Cef1, the S. cerevisiae ortholog of Cdc5 in S. pombe, is essential for pre-mRNA splicing (55, 56). The N-terminal sequences (residues 9 to 111) constitute a Myb domain of six α helices, followed by extended sequences that form four additional α helices (Fig. 6D). The N-terminal residues of helix α8 (residues 165 to 194) reach into the active site to contact the ISL, whereas the middle portion of α8 binds the NTC component Isy1. The C-terminal half of α8 and helices α9 and α10 of Cef1 interact with Ecm2 and the N-terminal helices of Clf1, and the intervening loop between α8 and α9 also binds the 5′ intron just downstream of the 5′SS. The N-terminal half of the Myb domain (α1 to α3) closely interacts with α7 to form a globular domain, which associates with helix I of the U2/U6 duplex, Prp45, Syf2, and the core of Prp8 (Fig. 6D).

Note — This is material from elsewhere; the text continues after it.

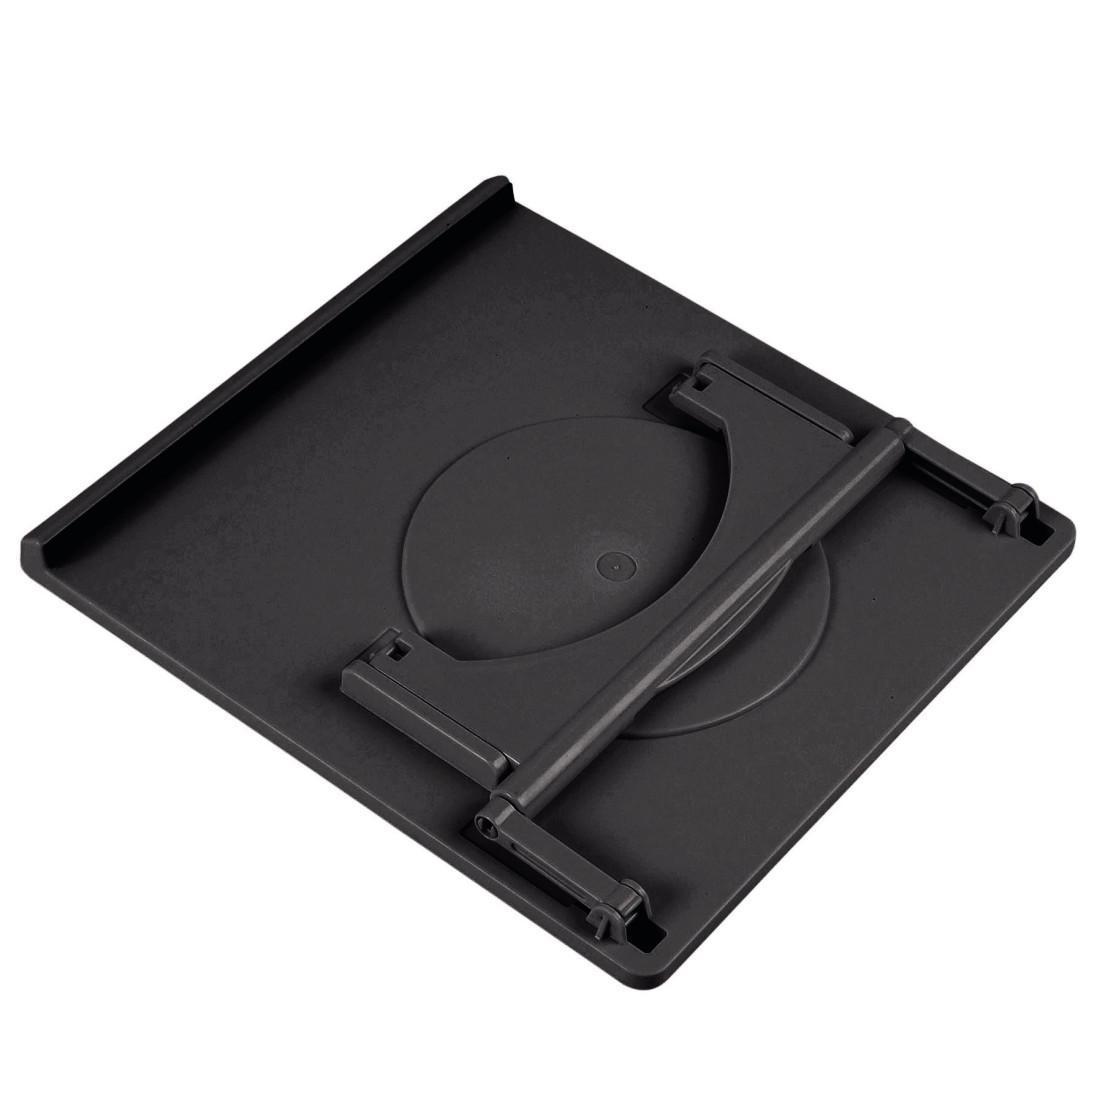 Поставка за лаптоп HAMA 51062, 15.4, 360°, Черен

Isy1 is thought to act together with U6 snRNA to promote a spliceosomal conformation favorable for the first-step reaction and also to interact with Prp16 to regulate the fidelity of pre-mRNA splicing (57). Isy1 (residues 2 to 96) consists of four α helices. Helices α1 and α2 reach into the lariat junction and interact with the surrounding intron sequences, the BPS-U2 duplex, one side of the 5′SS-U6 duplex, Cwc2, and the splicing factor Yju2 (Fig. 6E). A pair of antiparallel helices (α3 and α4) associates with the other side of the 5′SS-U6 duplex and helix α8 of Cef1. The NTC component Syf2 (residues 92 to 211), which is thought to modulate Syf1 function (58), wraps around helix II of the U2/U6 duplex while interacting with Prp45 and Clf1 (Fig. 6D).

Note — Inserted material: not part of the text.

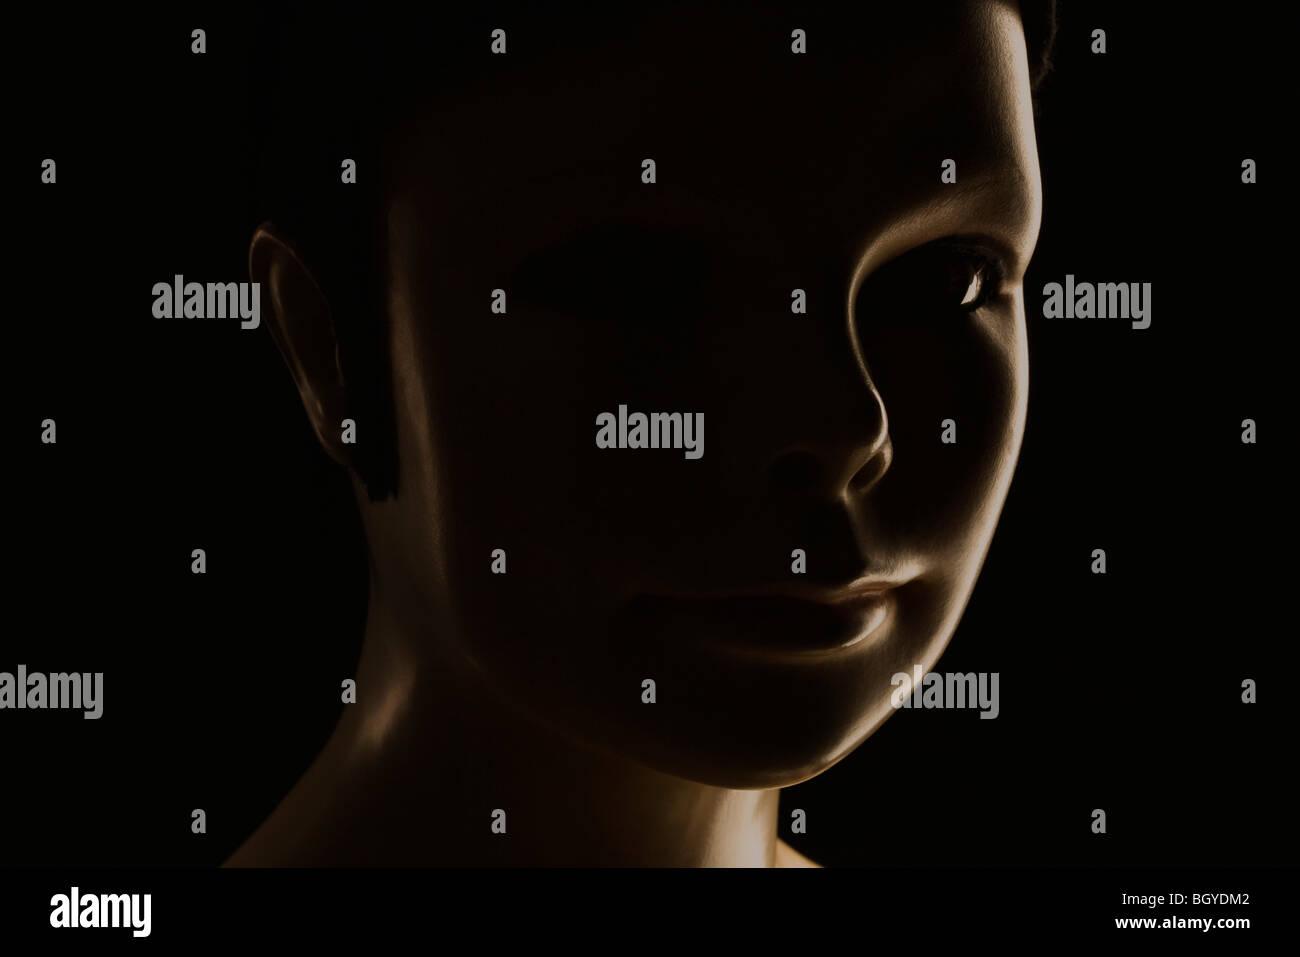 Female mannequin, portrait - Stock Image

The NTR components Cwc2, Ecm2, and Bud31

As an essential NTR component that contains a RRM motif and a zinc finger, Cwc2 is known to directly cross-link to U6 snRNA and pre-mRNA (59, 60). In our structure, Cwc2 recognizes the intron sequences just downstream of the 5′SS and 11 nucleotides of U6 snRNA preceding the U6 sequences that base-pair with the 5′SS (Fig. 6E). Cwc2 also interacts with Ecm2, Bud31, and Isy1. Ecm2 is thought to facilitate the cooperative formation of helix II in the activation of yeast spliceosome (61). In our structure, Ecm2 consists of an N-terminal metal-binding domain (residues 3 to 125) and a C-terminal globular domain (residues 210 to 288) that comprises a four-stranded β sheet stacked against two α helices (Fig. 6F). These two domains are separated by and closely interact with Cwc2. The N-terminal domain of Ecm2 also binds Cef1, Prp45, and U6 nucleotides 29 to 32. The nonessential NTR component Bud31 is thought to stabilize the pre-mRNA–protein interactions (62). Bud31 associates with U6 nucleotides 25 to 29, stem II of U5 snRNA, and the N domain of Prp8 (Fig. 6E).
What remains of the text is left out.